SUPPLIED DATA:
= Beginning of Section =
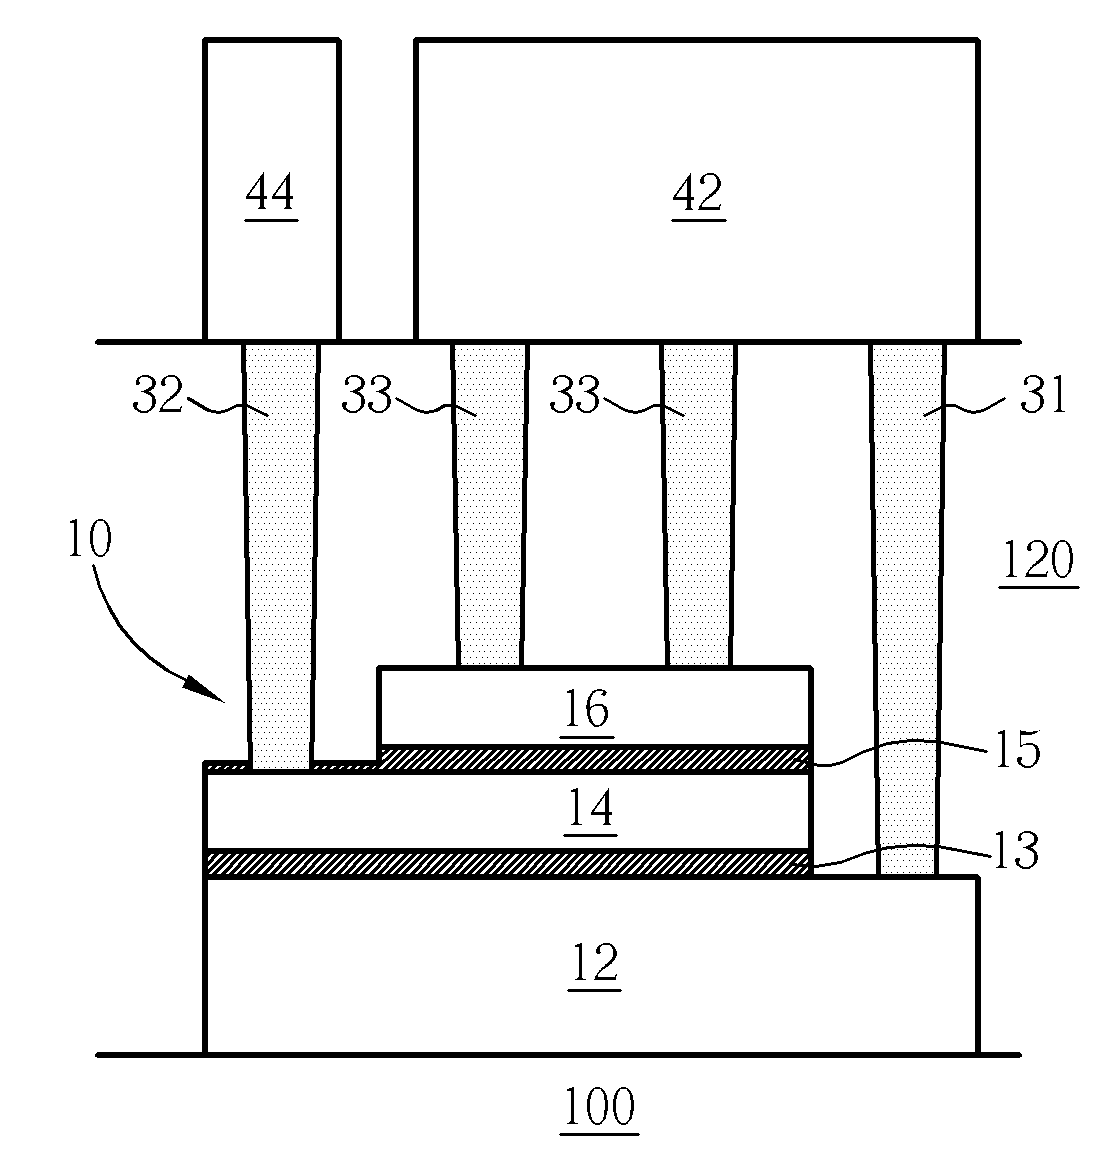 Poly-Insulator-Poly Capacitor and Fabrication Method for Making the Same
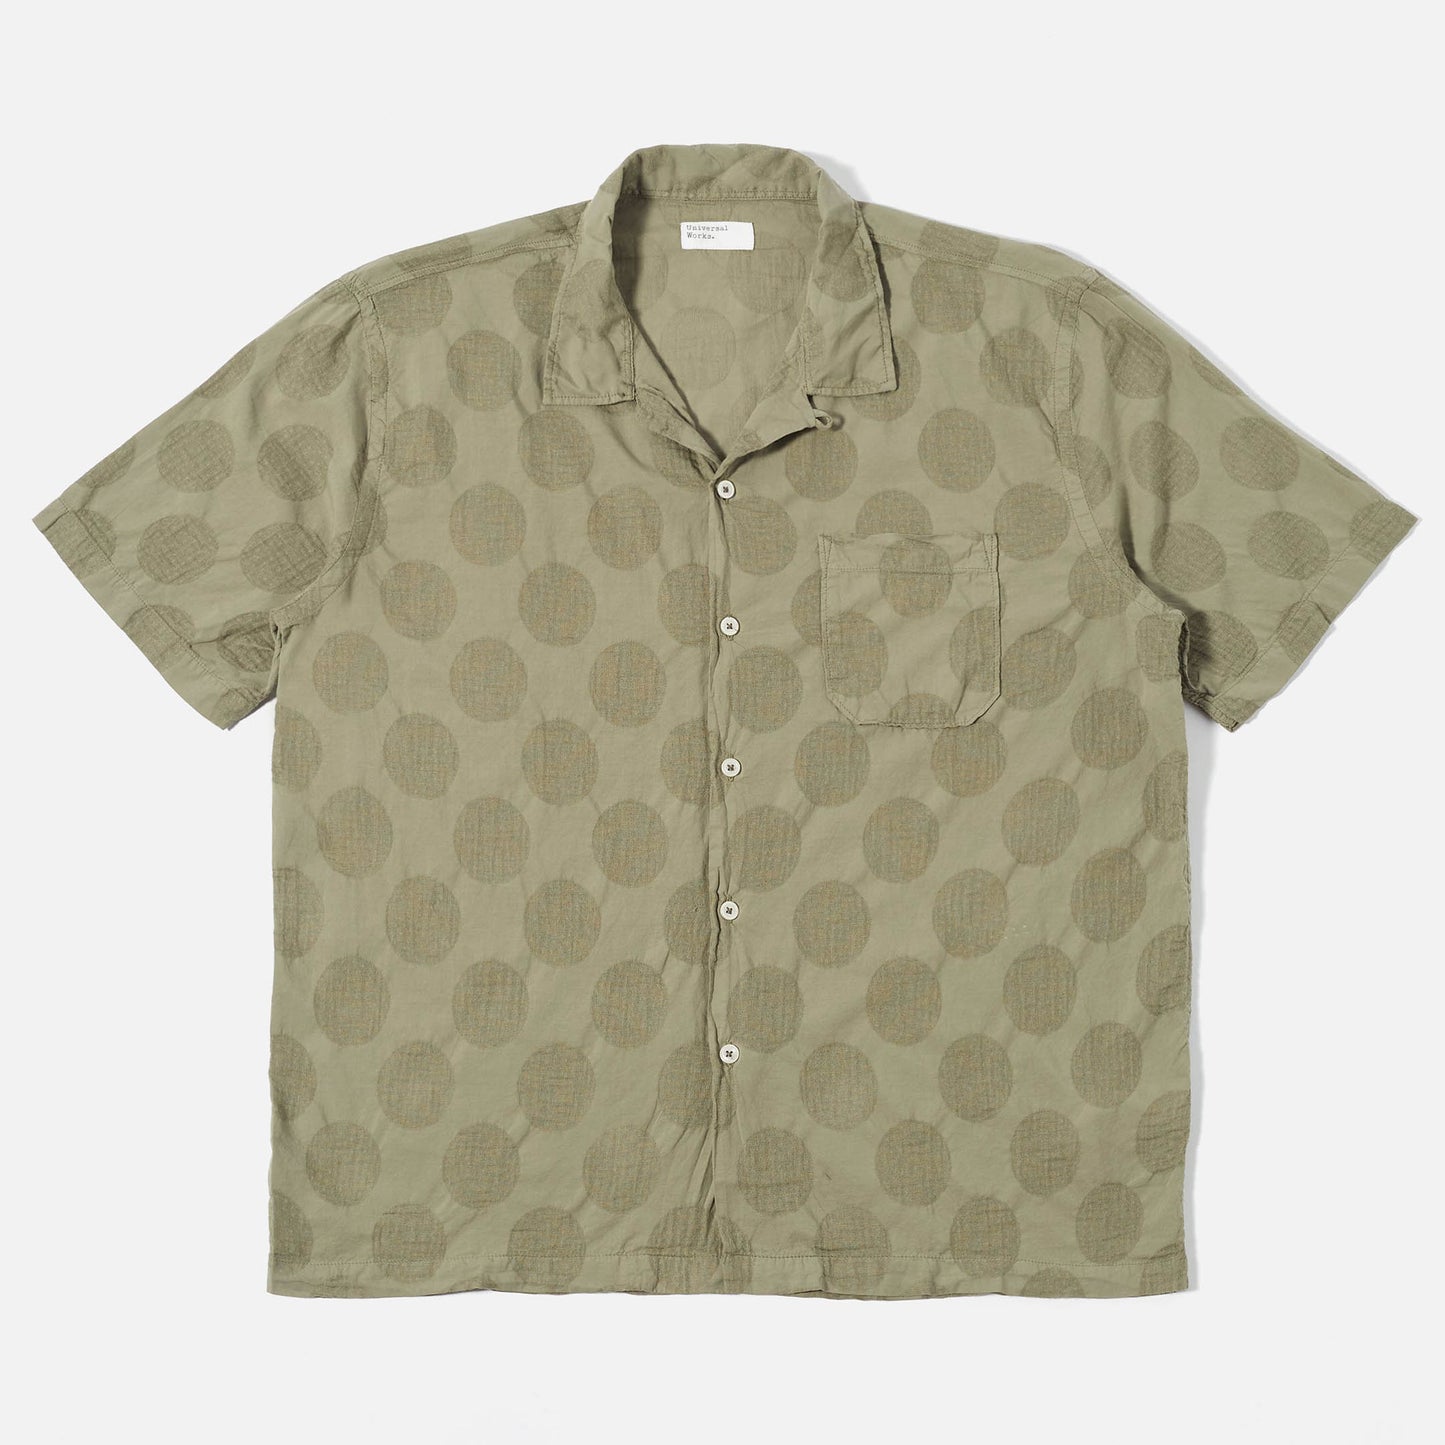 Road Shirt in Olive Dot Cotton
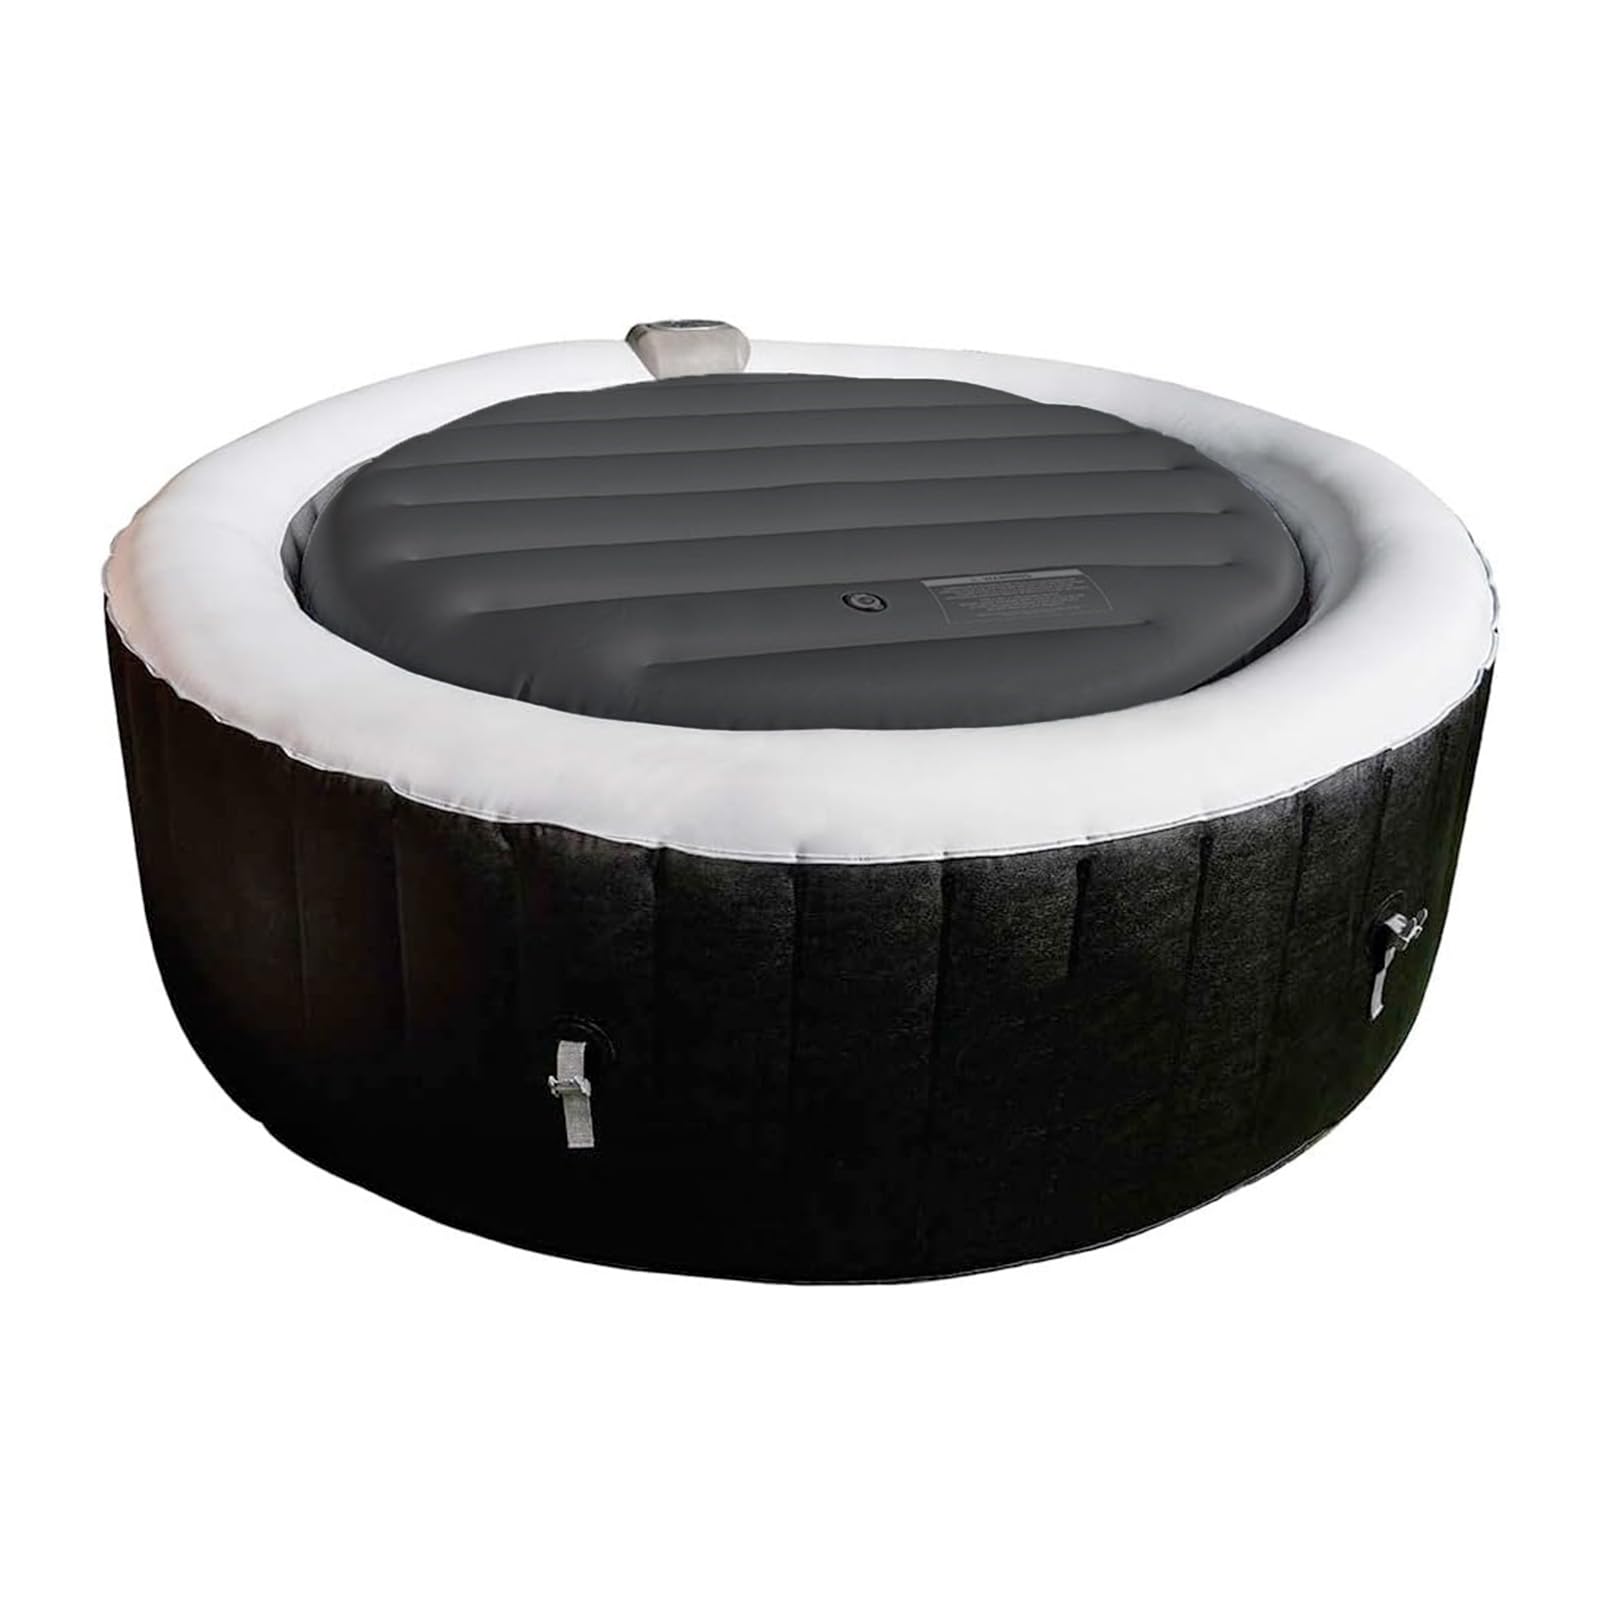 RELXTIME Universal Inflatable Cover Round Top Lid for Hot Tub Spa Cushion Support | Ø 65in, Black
= End of Section =
Strip out the pictures and repeat the listing above exactly.

REPLY:
 Poly-Insulator-Poly Capacitor and Fabrication Method for Making the Same
 Road Shirt in Olive Dot Cotton
 RELXTIME Universal Inflatable Cover Round Top Lid for Hot Tub Spa Cushion Support | Ø 65in, Black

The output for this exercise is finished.